> **TASK ITEM**: Set down exactly the lines below, from the one containing "Fascinating and substantial, with" through the final line, and include no others.

[MATERIAL PROVIDED Boundary: Start]

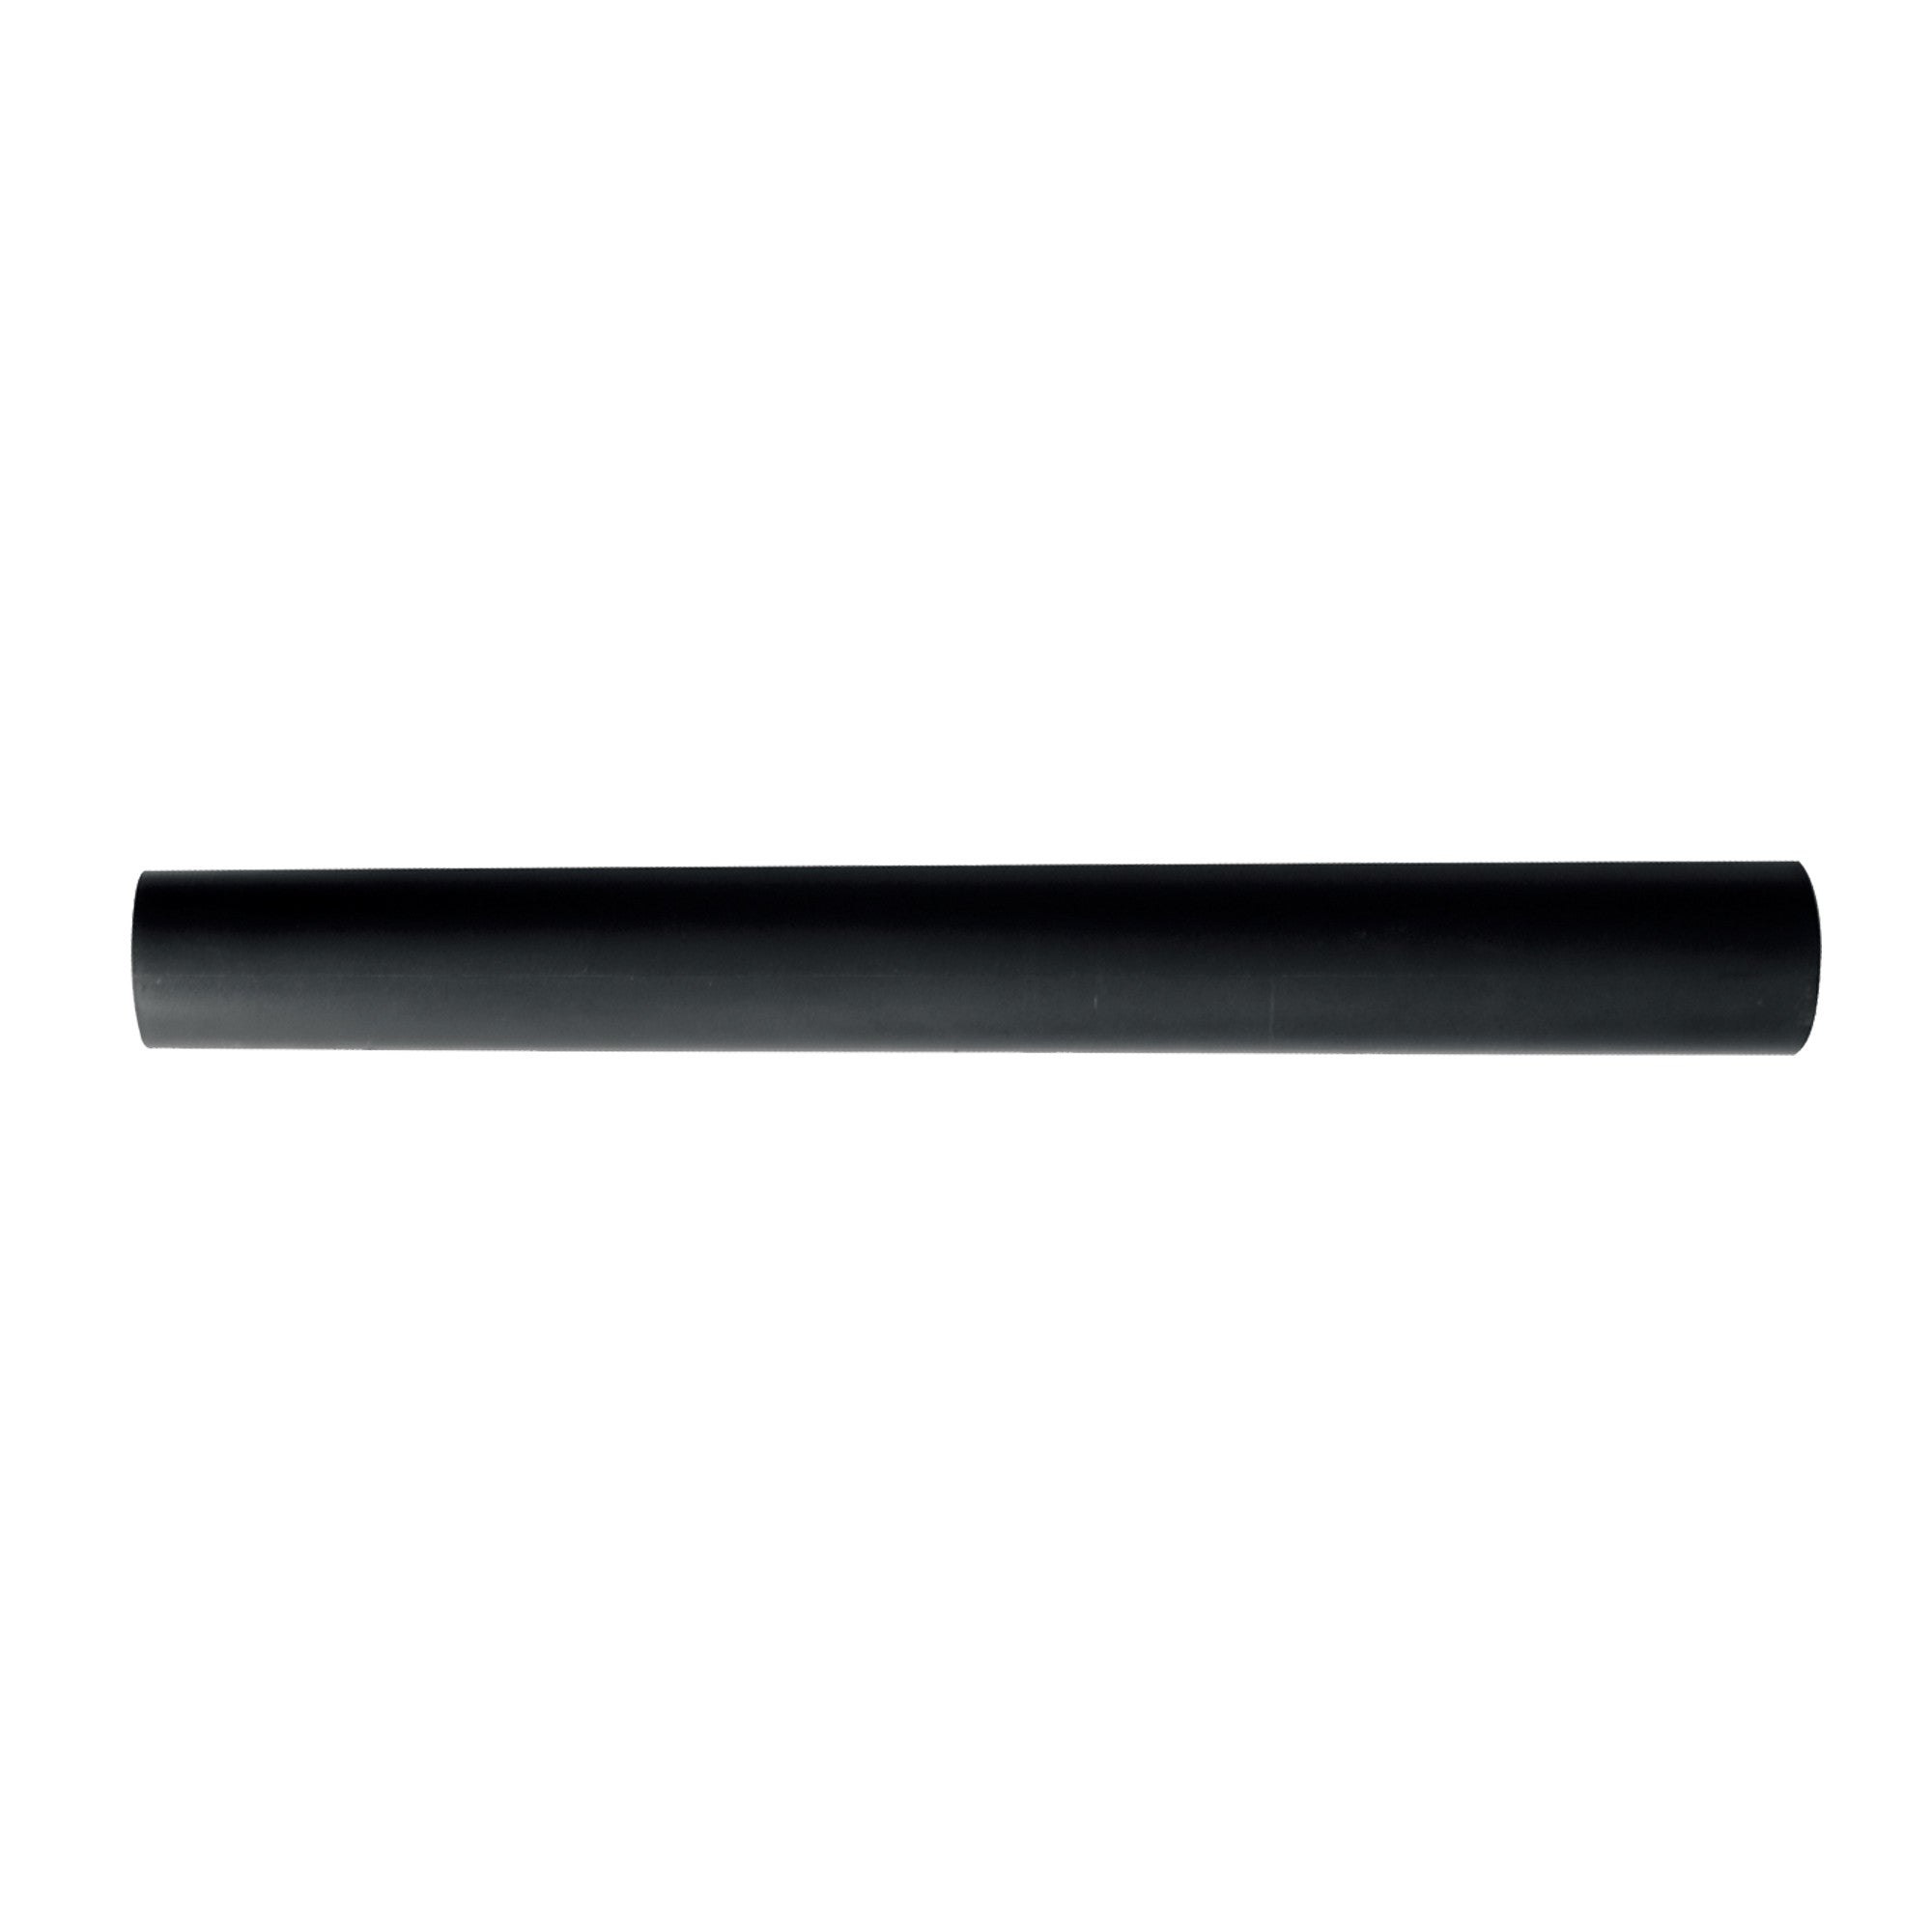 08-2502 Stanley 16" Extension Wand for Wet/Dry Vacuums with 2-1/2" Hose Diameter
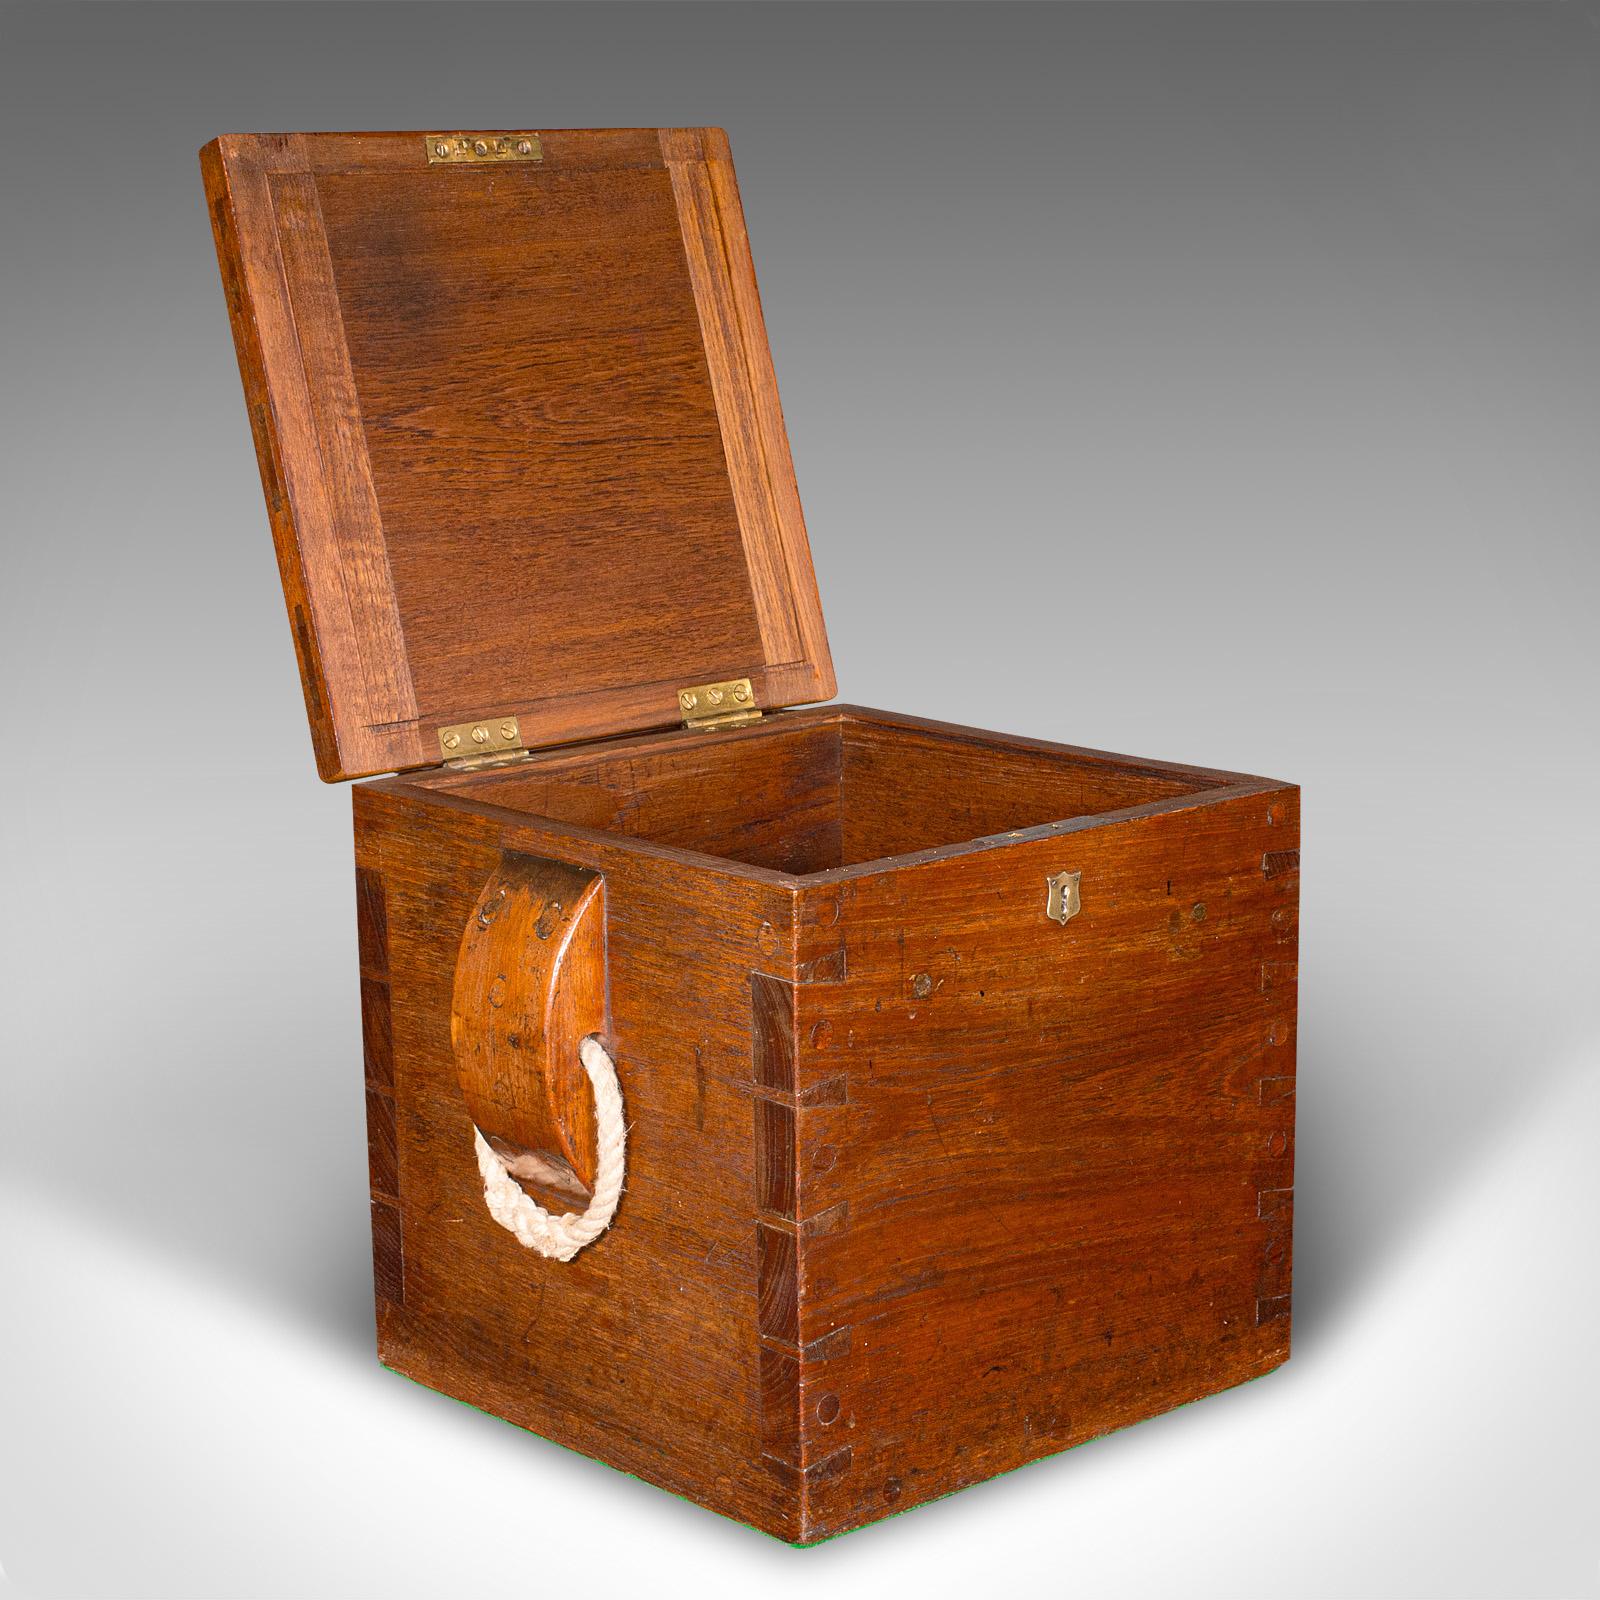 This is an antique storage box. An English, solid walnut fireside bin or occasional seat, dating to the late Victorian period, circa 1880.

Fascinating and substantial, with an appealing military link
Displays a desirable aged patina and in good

[MATERIAL PROVIDED Boundary: End]

> **SOLUTION TO THIS EXERCISE**:
Fascinating and substantial, with an appealing military link
Displays a desirable aged patina and in good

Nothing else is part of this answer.